# Fit's high speed raid array pt.2



## Fitseries3 (Mar 13, 2009)

so i scrapped the other idea becuase the cost was going to kill me.

i jumped on a deal for these 2 OCZ solid series SSD's for $150 shipped. got them shipped express mail and had them the next day.

now i know these are the slower of the OCZs but they are still faster than most if not all mechanical hdd's.

here's some pics...









and how do they perform? VERY WELL! 









now if you know me.... i can never get enough. i had to look around and jump on another one...






3x 30gb ssd's.... SO FAR!


----------



## erocker (Mar 13, 2009)

Looks awesome man!  How do these perform (single drive) compared to those Patriot V2's?


----------



## dark2099 (Mar 13, 2009)

Fit, I think you're running out of ideas to make us all envious of you.


----------



## Chicken Patty (Mar 13, 2009)

dark2099 said:


> Fit, I think you're running out of ideas to make us all envious of you.



he'll find more, don't worry 


FIT looks like you maxed out the HD tach software with the performance of those drives


----------



## Fitseries3 (Mar 13, 2009)

erocker said:


> Looks awesome man!  How do these perform (single drive) compared to those Patriot V2's?

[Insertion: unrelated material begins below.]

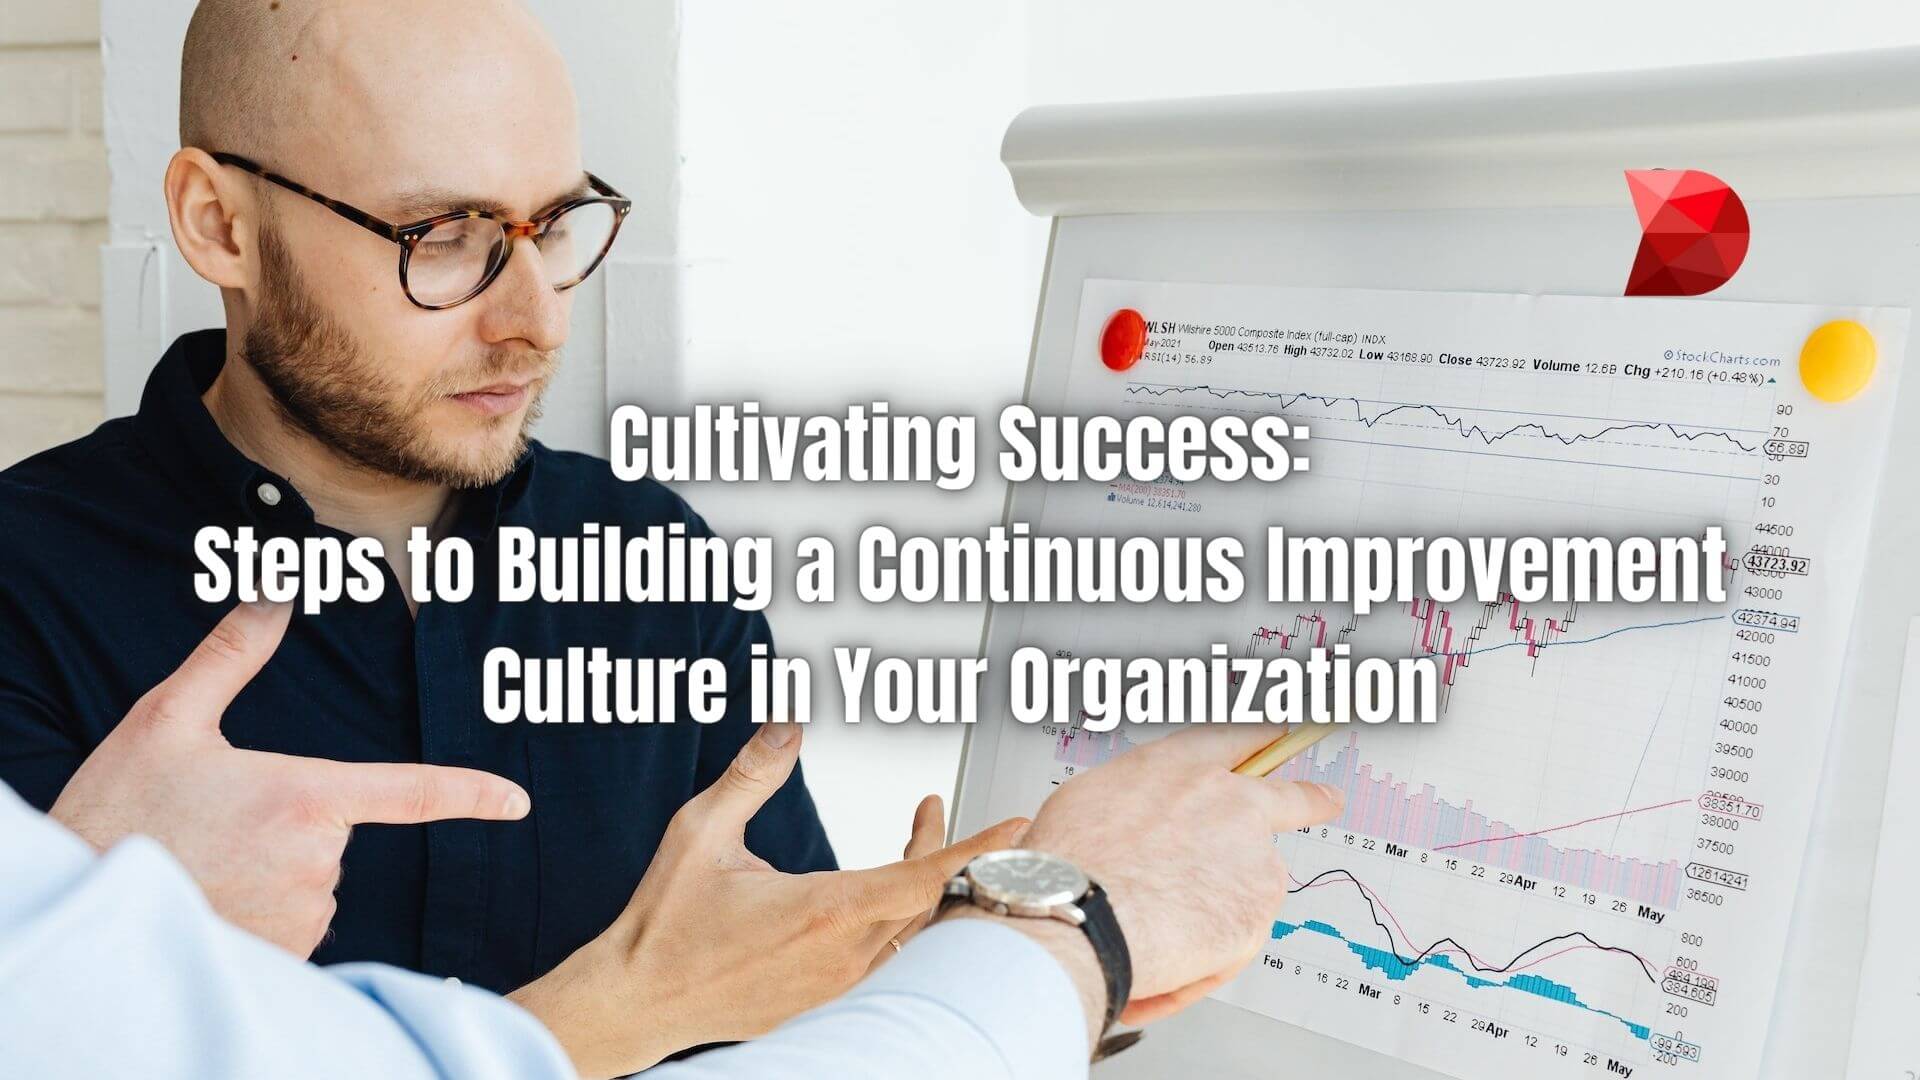 A continuous improvement culture is essential for any organization that wants to achieve success and remain competitive. Learn more!
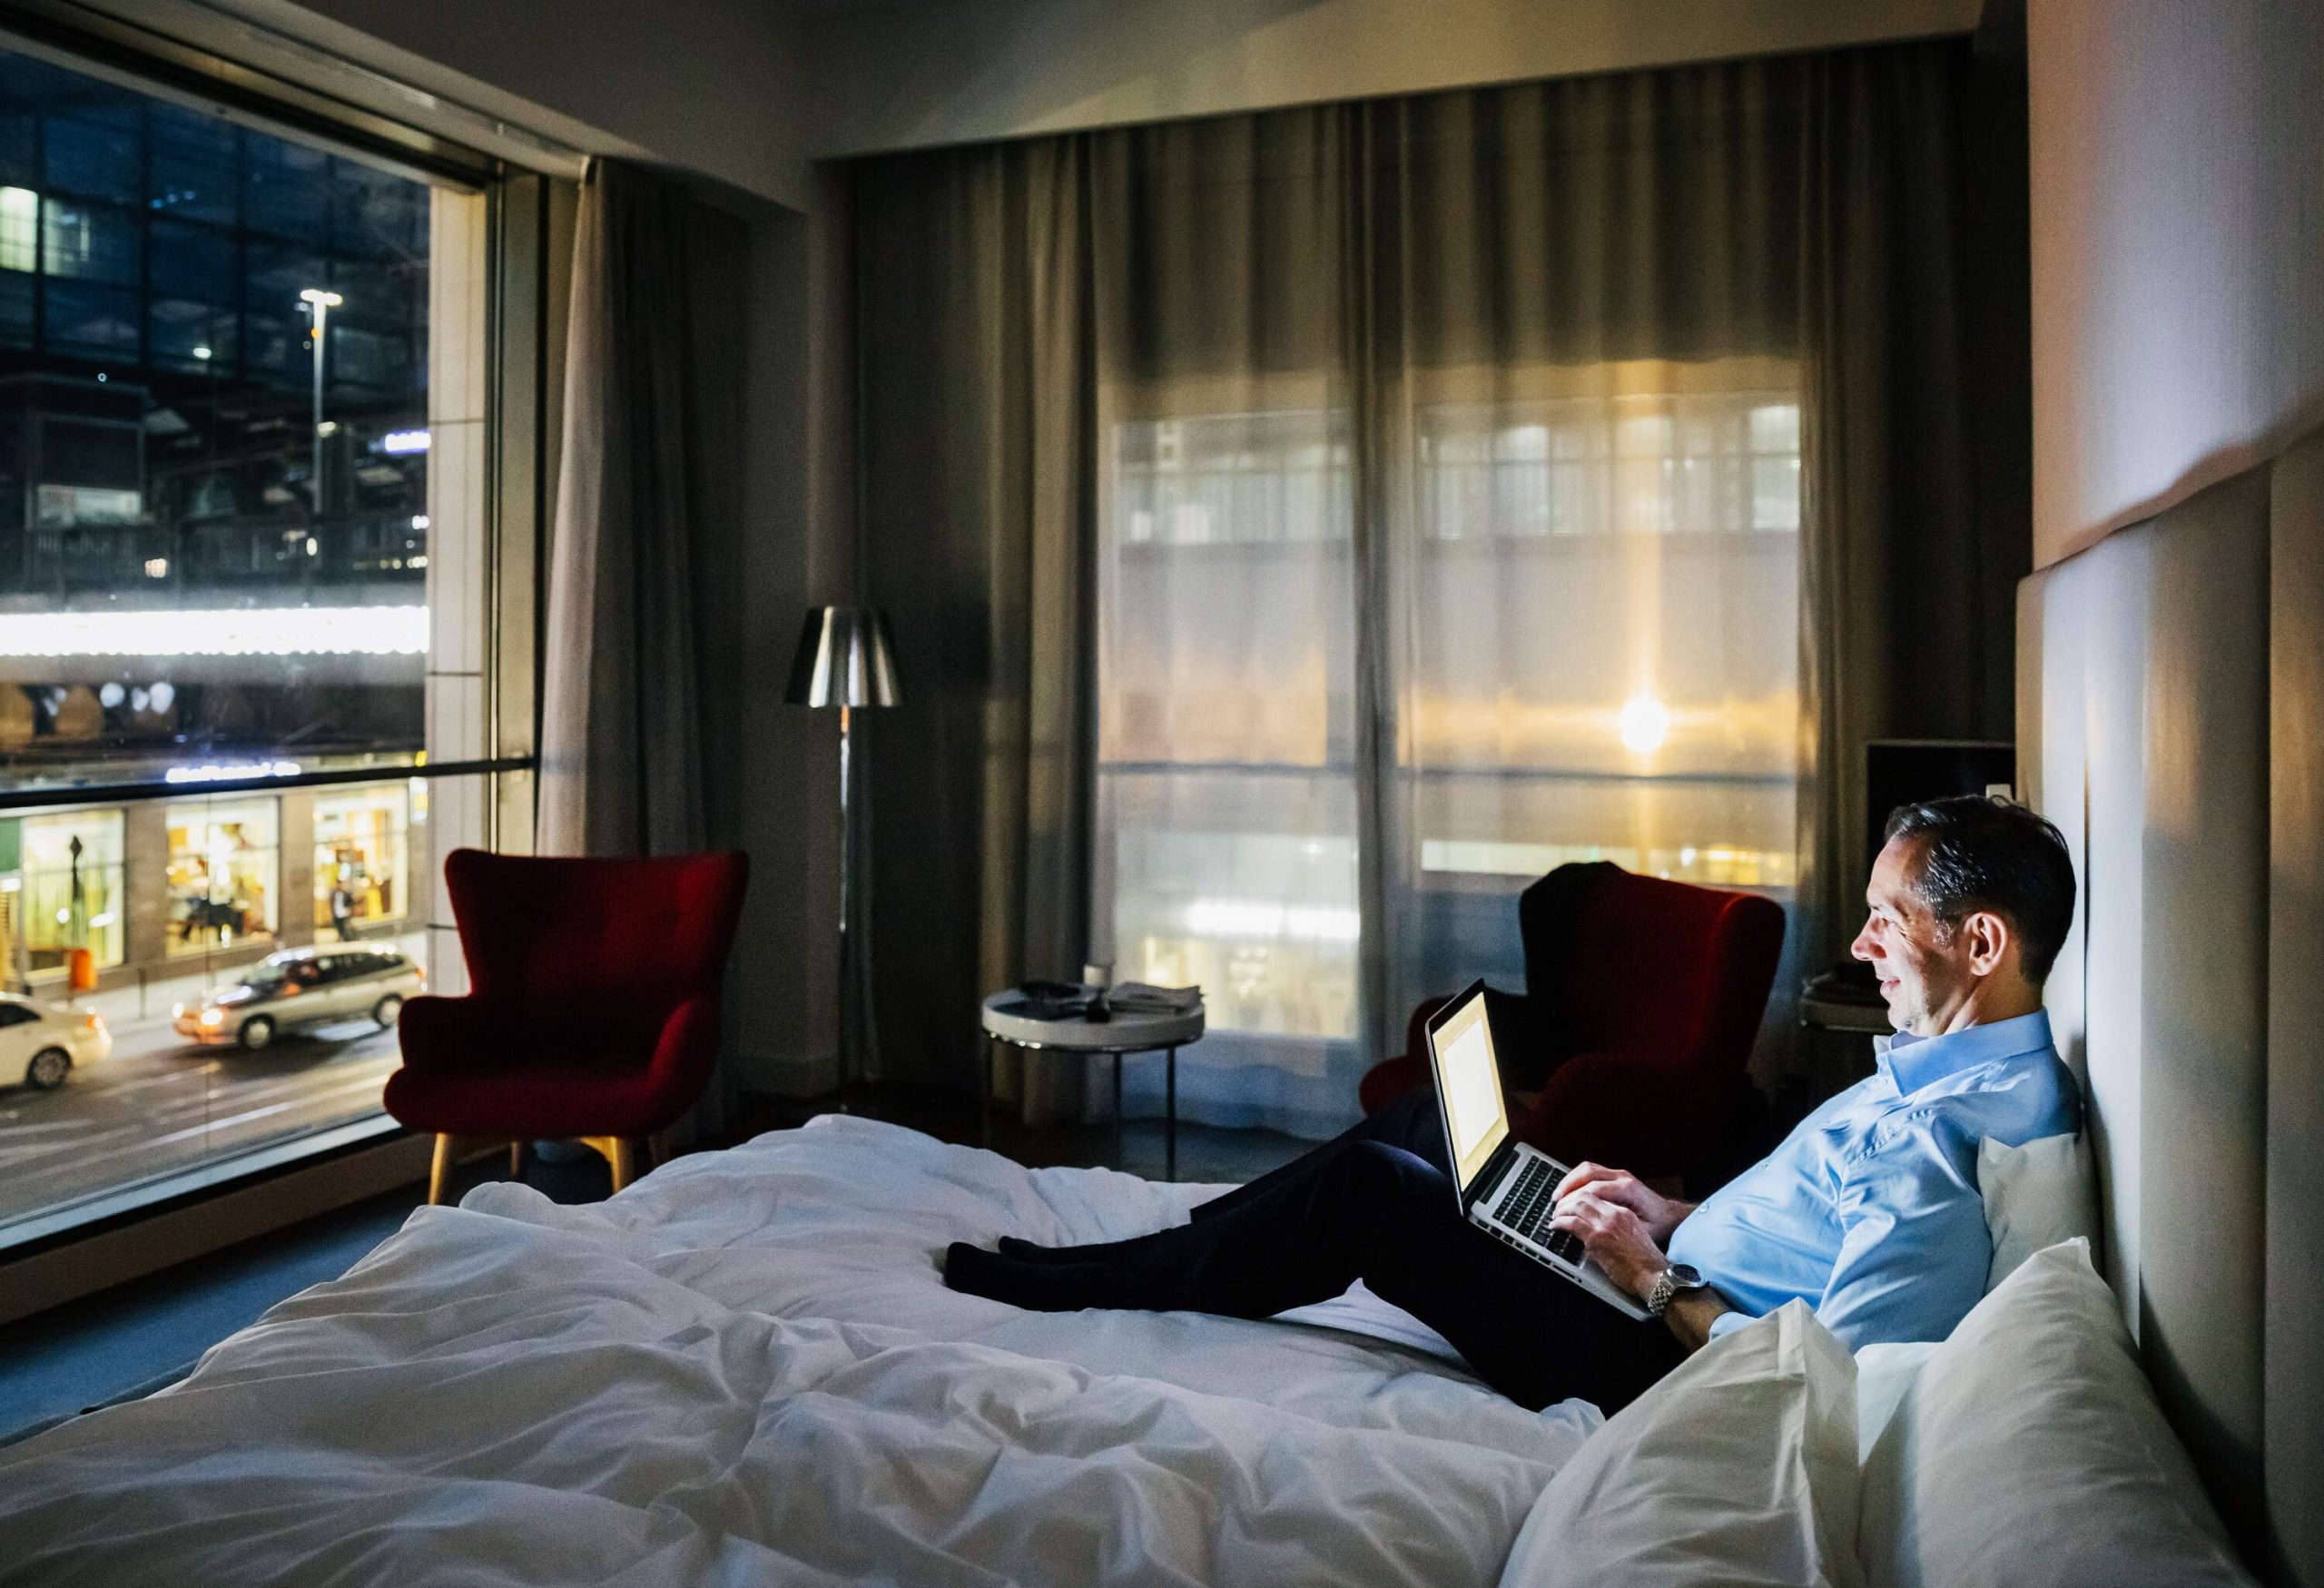 dest_germany_berlin_hotel_room_bed_person_man_male_businessman_laptop_gettyimages-689008376

hmmm... i will test that soon. i'd say very similar.



dark2099 said:


> Fit, I think you're running out of ideas to make us all envious of you.



nah... just trying to find cost effective ways to do things. i hate wasting money.

i have a sweet mod/build planned for these drives here next week.


----------



## VulkanBros (Mar 13, 2009)

So many things to try, so many things to come....and so little time.....

AND then there is Fit


----------



## Binge (Mar 13, 2009)

The price is outrageous for the performance.  It looks like you're doing it again fit


----------



## Fitseries3 (Mar 13, 2009)

keep in mind though... i dont need space like some people. theres guys that have 4,5,6,7,8 intel/mtron 80,128,160,256gb drives that cost them $800 each. 

THAT is fucking retarded.

at least i found a deal on all my drives too. im not going to go out and spend full price on anything i dont have to.


----------



## Cold Storm (Mar 13, 2009)

Dang fits! That makes me want to grab two and raid0 them!!! Just gotta find the deals! 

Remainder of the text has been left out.